Traditional data formats like CSV or JSON are human-readable formats and as the data is growing it is very difficult to store such unstructured or semi-structured data in these formats.
If we can store also it in JSON, the retrieval of data is not easy. Data is in complex data types and these formats don't support the evolution of schema.
What characteristics ideal file format should have?
Read fast
Write fast
Splittable i.e. multiple parts of a file are running parallel
Supports Schema evolution
Supports compression using various compression codecs (Snappy, LZO)
Well, the above-mentioned characteristics are ideal, we can't get all the things into one format. If our priority is one then we may have to compromise with another.
For example - If we want to read the file fast we may have to compromise with the writing in a file. How this is possible we are discussing it below.
So there are 3 kinds of Data storage:-
Row Based
Column Based / Columnar
Hybrid Based
Row Based
All data associated with a specific record is stored adjacently. In other words, the data of each row is arranged such that the last column of a row is stored next to the first column entry of the succeeding data row.
Columnar
The values of each table column (field) are stored next to each other.

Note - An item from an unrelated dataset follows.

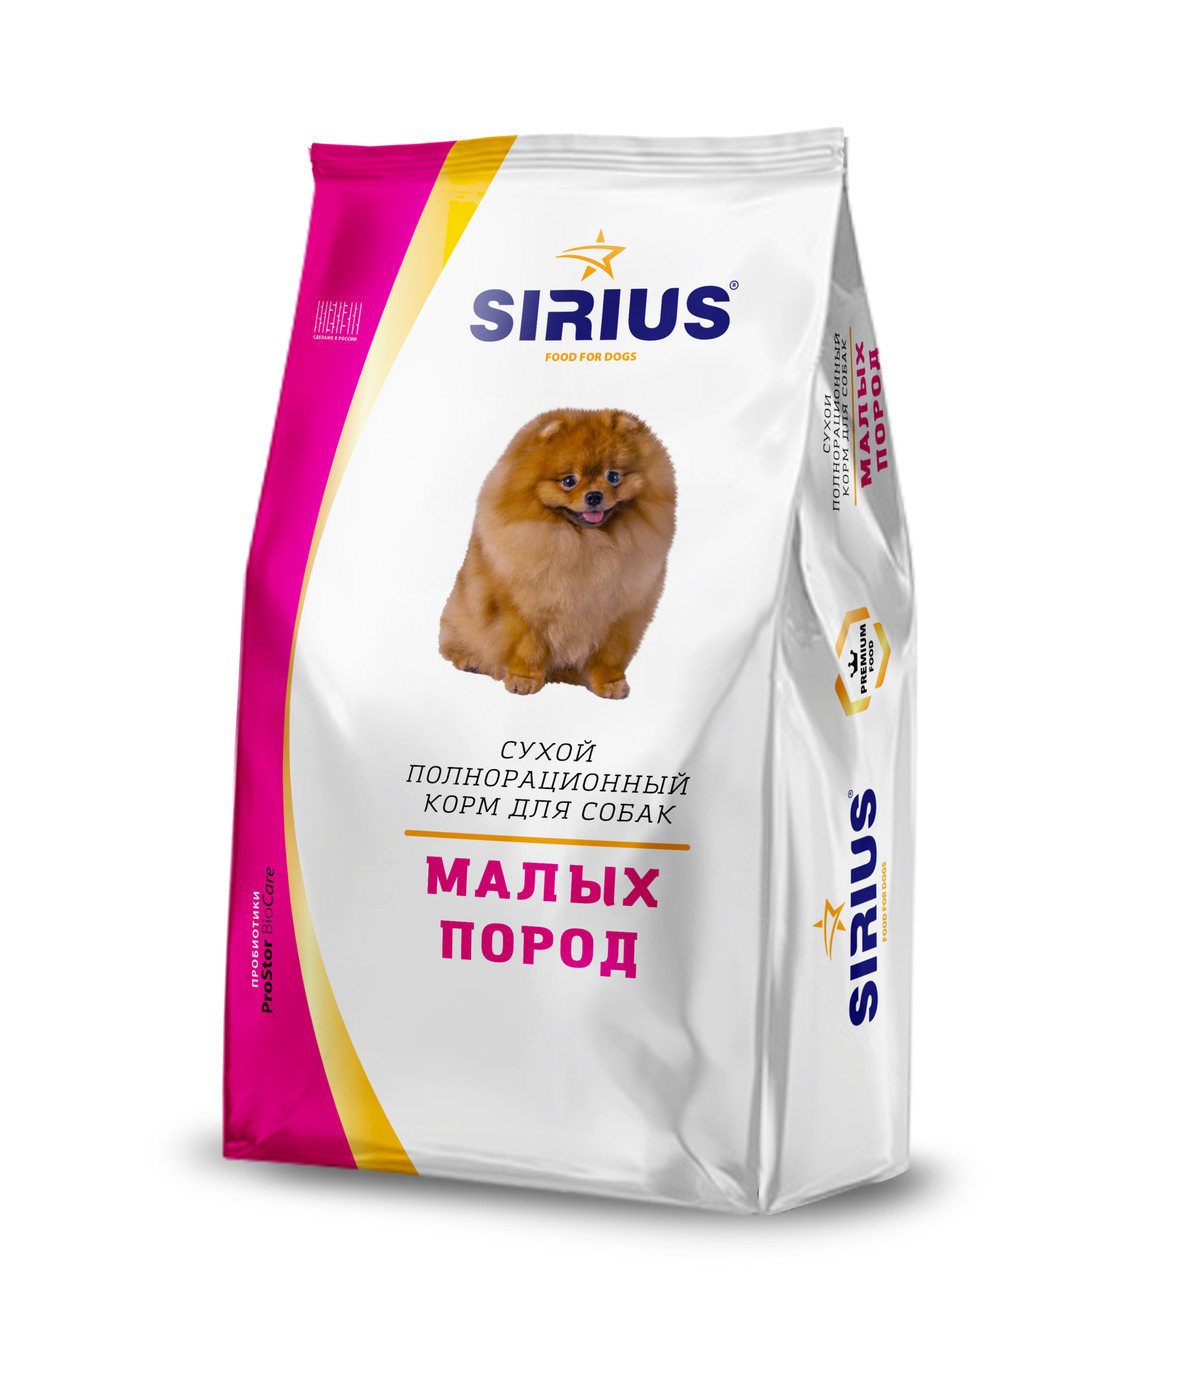 Сухой корм ТМ «SIRIUS» для взрослых собак мелких пород, 3

This means that items are grouped and stored next to one another.
Based on our use cases we have to select the type of storage we want. If we want to read the data fast we can go with Column based as it is storing each column together of the same data type.

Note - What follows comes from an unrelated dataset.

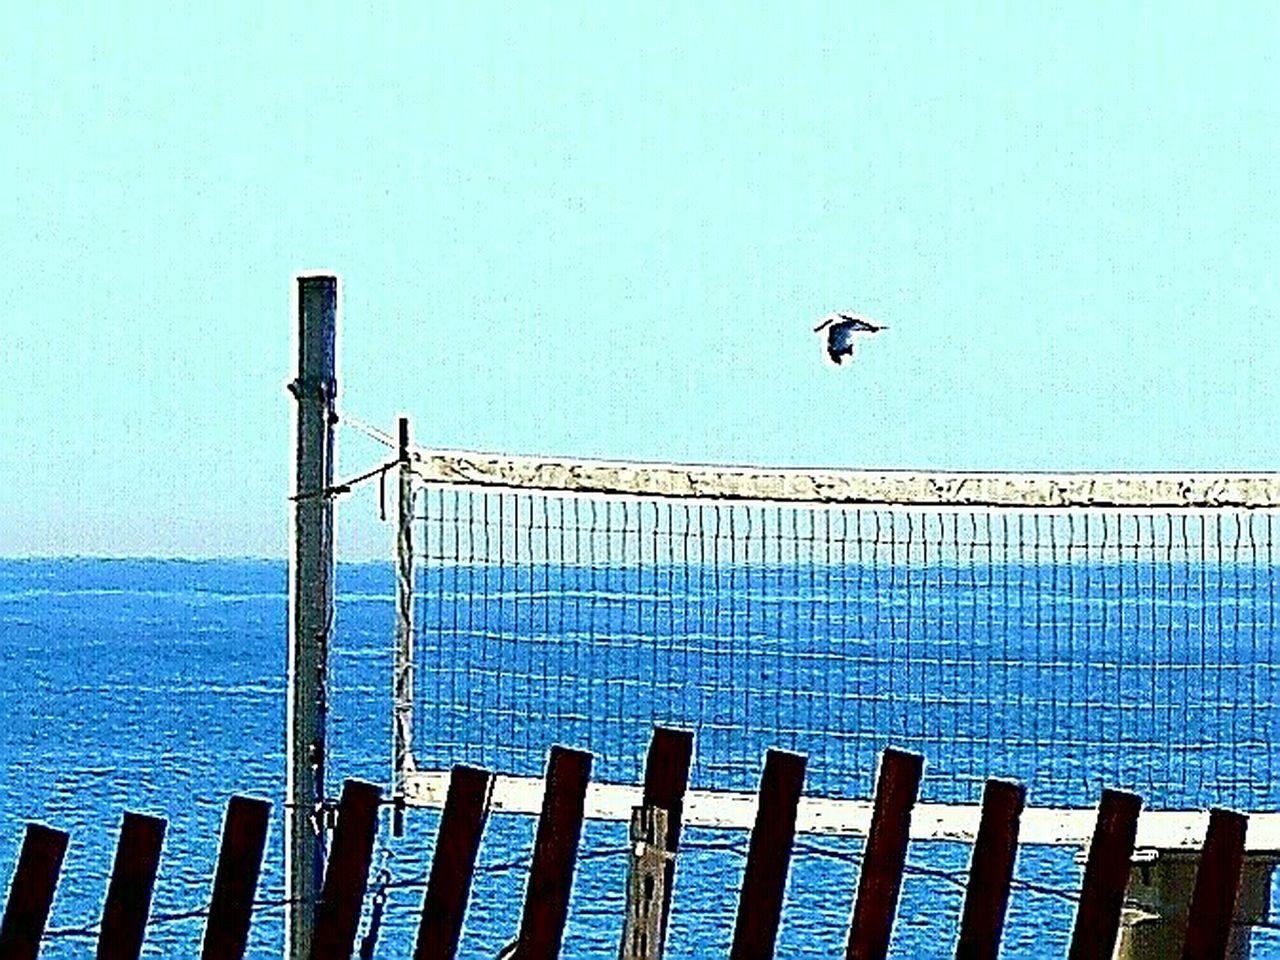 Bird Netting Outdoors Sea Clear Sky No People Beach EyeEm Gallery The Week On Eyem EyeEm Best Shots

For writing faster or to change schema we should opt row based as it is easy to append the whole row together.
Types of formats
All the data format frameworks are platform dependent because they are created to support the organization platform best.
ORC - Optimized Row Columnar
designed for PIG, HIVE
Column Based
Read Fast - The file is divided into stripes with each stripe size 250 MB; the large stripe size is what enables efficient reads.
Schema evolution support - When a new column is added to an ORC file, the file's metadata is updated to include the new column and the data is written using the new schema. When reading the file, the ORC reader can automatically use the latest schema to provide a consistent view of the data. It allows more complex schema changes without having to rewrite the entire file.
Less intensive to support nested data types
Compression with the Snappy algorithm is better than parquet
Parquet
Columnar or sometimes behaves as a hybrid too
Designed for spark
No Schema Evolution support
Read Faster
Good compression
Can handle complex data structures - By supporting nested fields, repetition levels, and efficient encoding, Parquet enables the storage and processing of complex data types in an efficient and scalable manner.
Allows efficient querying of data
AVRO
Row Based
Write fast
Supports full schema evolution support
The Avro format stores data definitions (the schema) in JSON and is easily read and interpreted. The data within the file is stored in binary format, making it compact and space-efficient.
Splittable